START Input material
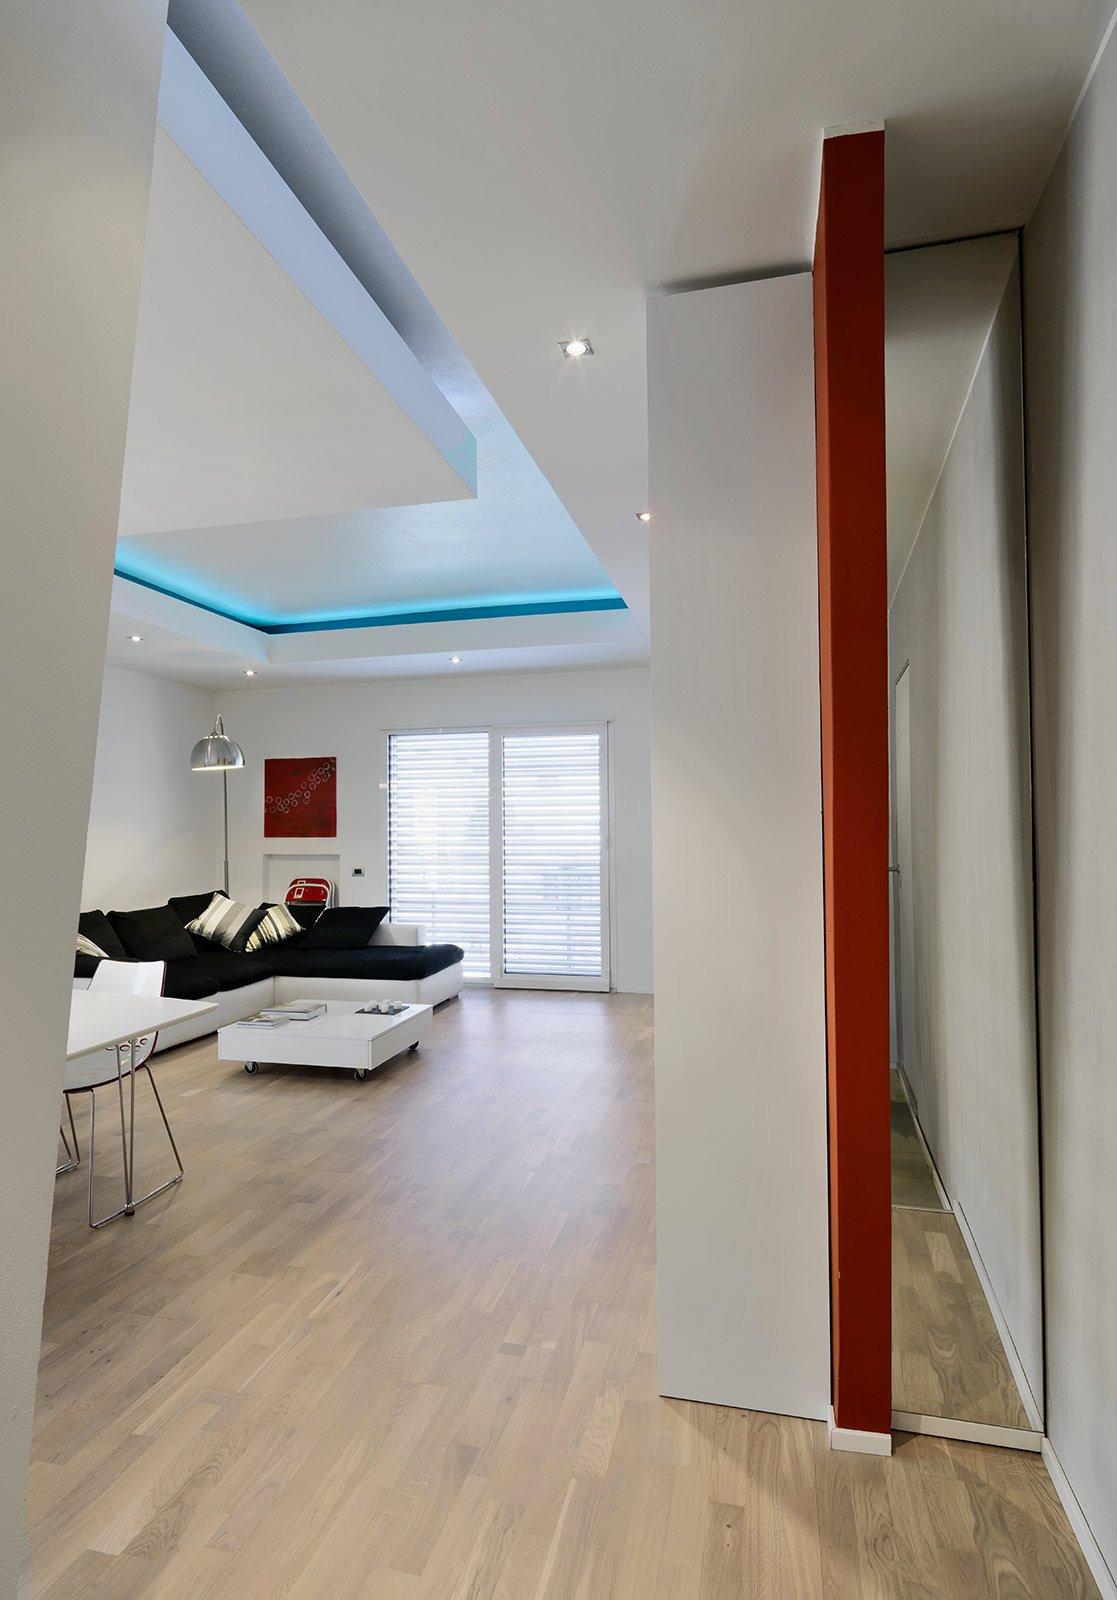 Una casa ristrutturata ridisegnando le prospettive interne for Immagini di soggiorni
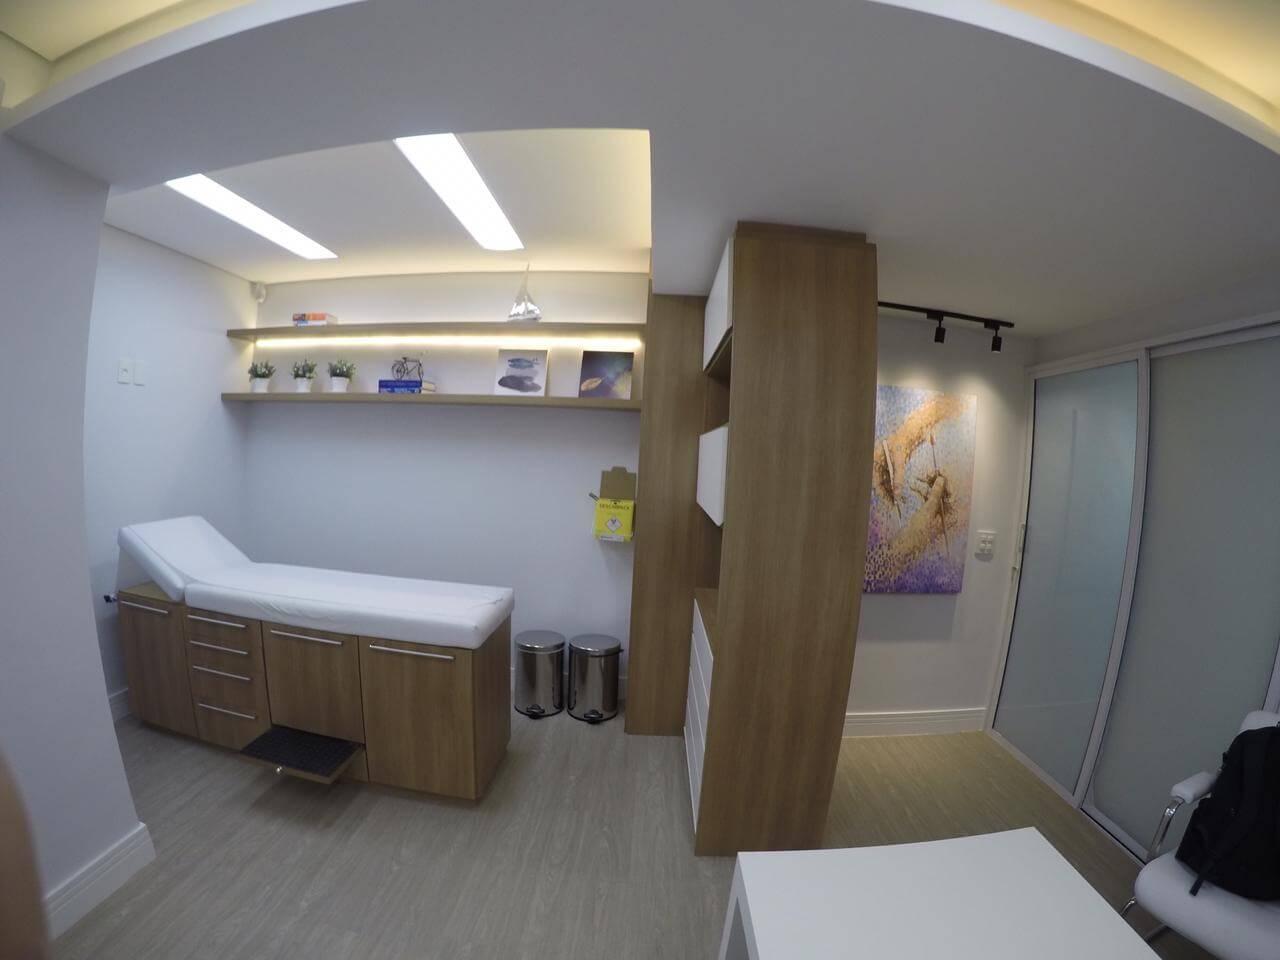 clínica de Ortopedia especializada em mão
END Input material
START Input material
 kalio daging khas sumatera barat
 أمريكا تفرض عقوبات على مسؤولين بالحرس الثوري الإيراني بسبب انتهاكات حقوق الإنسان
END Input material
▶ Assignment: From the material above, reproduce only what runs from the line holding "Una casa ristrutturata" down to the line holding "clínica de Ortopedia especializada em mão", both included, pictures excluded.

▶ Solution:
 Una casa ristrutturata ridisegnando le prospettive interne for Immagini di soggiorni
 clínica de Ortopedia especializada em mão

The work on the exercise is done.